Thinking about calling the police, not sure if too crazy of a thing to do...

------
oliv9286
For the first time I know what fear is, my physical strength cannot hold up
anymore and I have to sleep, yet all that going through my head is all the
possible scenarios that could happen. Had a dream that everything turned out
to be okay, woke up at 4am out of excitement, checked phone/messages, still no
response. Then realize it was just a dream, and burst in tears again. Going
through every corner on the internet to find the smallest trace that he's
still okay.. for the first time when people asked me if everything's alright,
i responded "no". I have no idea how I can possibly focus on work and normal
life today without going through a mental breakdown.

------
pallandt
It's possible he just doesn't want to talk to you right now, if you've already
made many attempts to contact him, leave it at that and don't escalate. You
could be making him worse, even if you have good intentions.

Your friend is very young at 20, he may not realize this now, but has plenty
of time to amend any past mistakes that at the moment he feels are
'unfixable'.

For the speediest recovery, he needs meds and hopefully an understanding
psychiatrist that would find a way to prescribe him some without giving him a
definitive/serious diagnostic that could hurt his future chances at getting a
job.

It would also be good if his mother realized just how bad his current mental
situation is, and that it's selfish of her to keep relying on him to
continually provide for both of them. Does she not have any relatives that
would take her in at least for a while, until he gets back up on his feet?

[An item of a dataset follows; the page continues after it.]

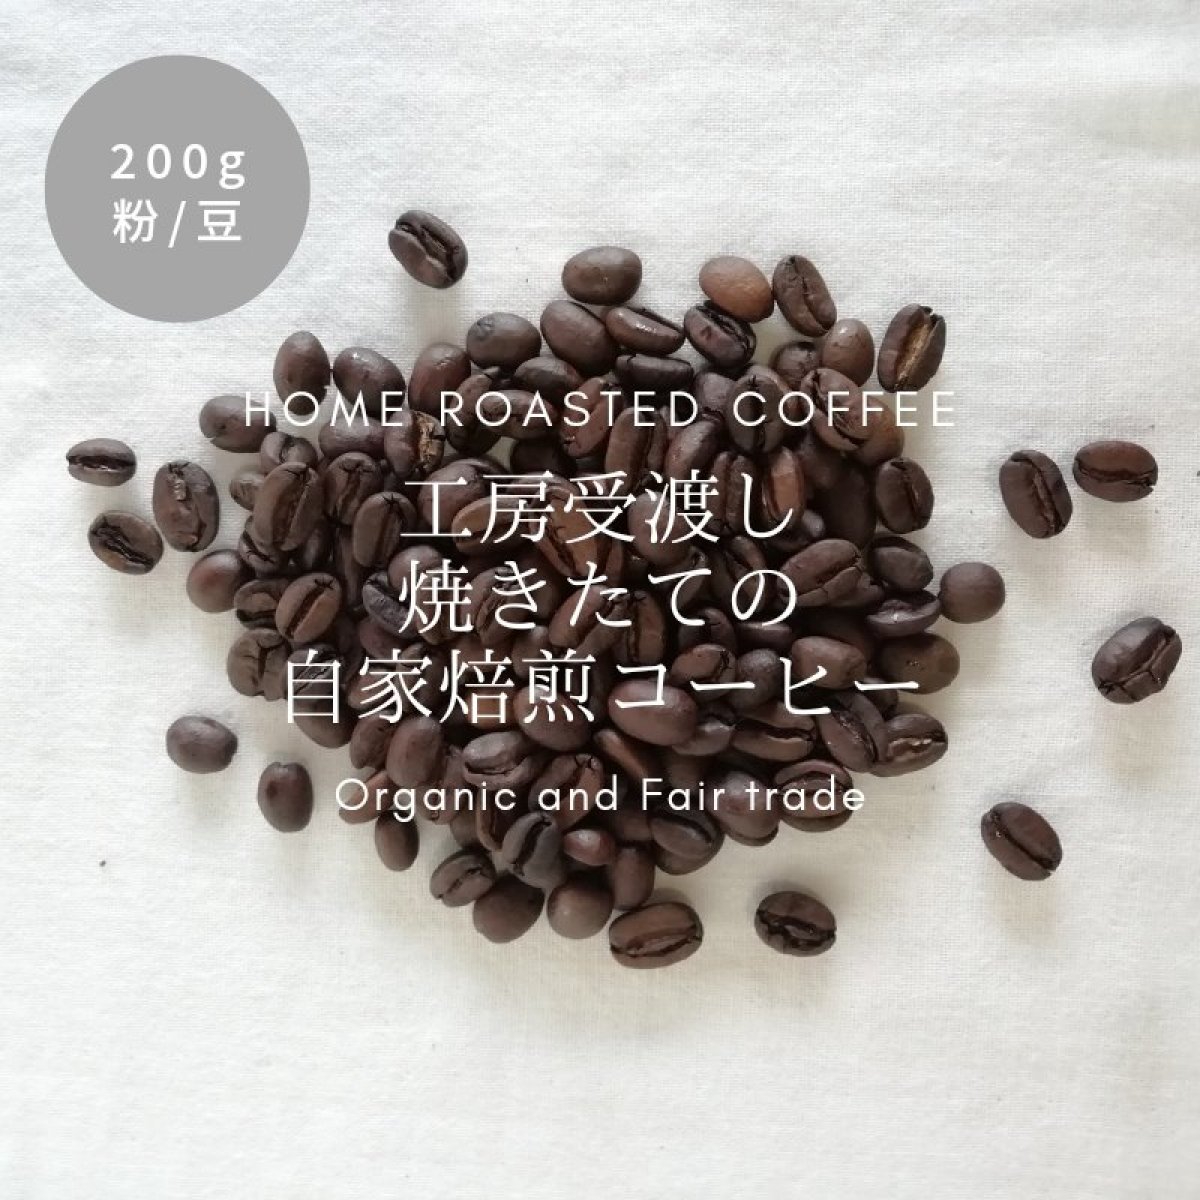 【直接受け渡し専用】200g 自家焙煎コーヒー豆 / オーガニック ＆ フェアトレード

Your friend probably feels under a lot of pressure right now, and she's a part
of the problem.

The best you could do for him is to support him, if he decides to keep living.
There will be more jobs, as well as chances at going to college or gaining
equivalent education via free Coursera, Udacity, EdX etc. courses.

He needs to start fixing his health first though.

Also, if you make any future posts about him, here or anywhere else, please
try to be a little more ambiguous in order to protect his privacy as much as
possible.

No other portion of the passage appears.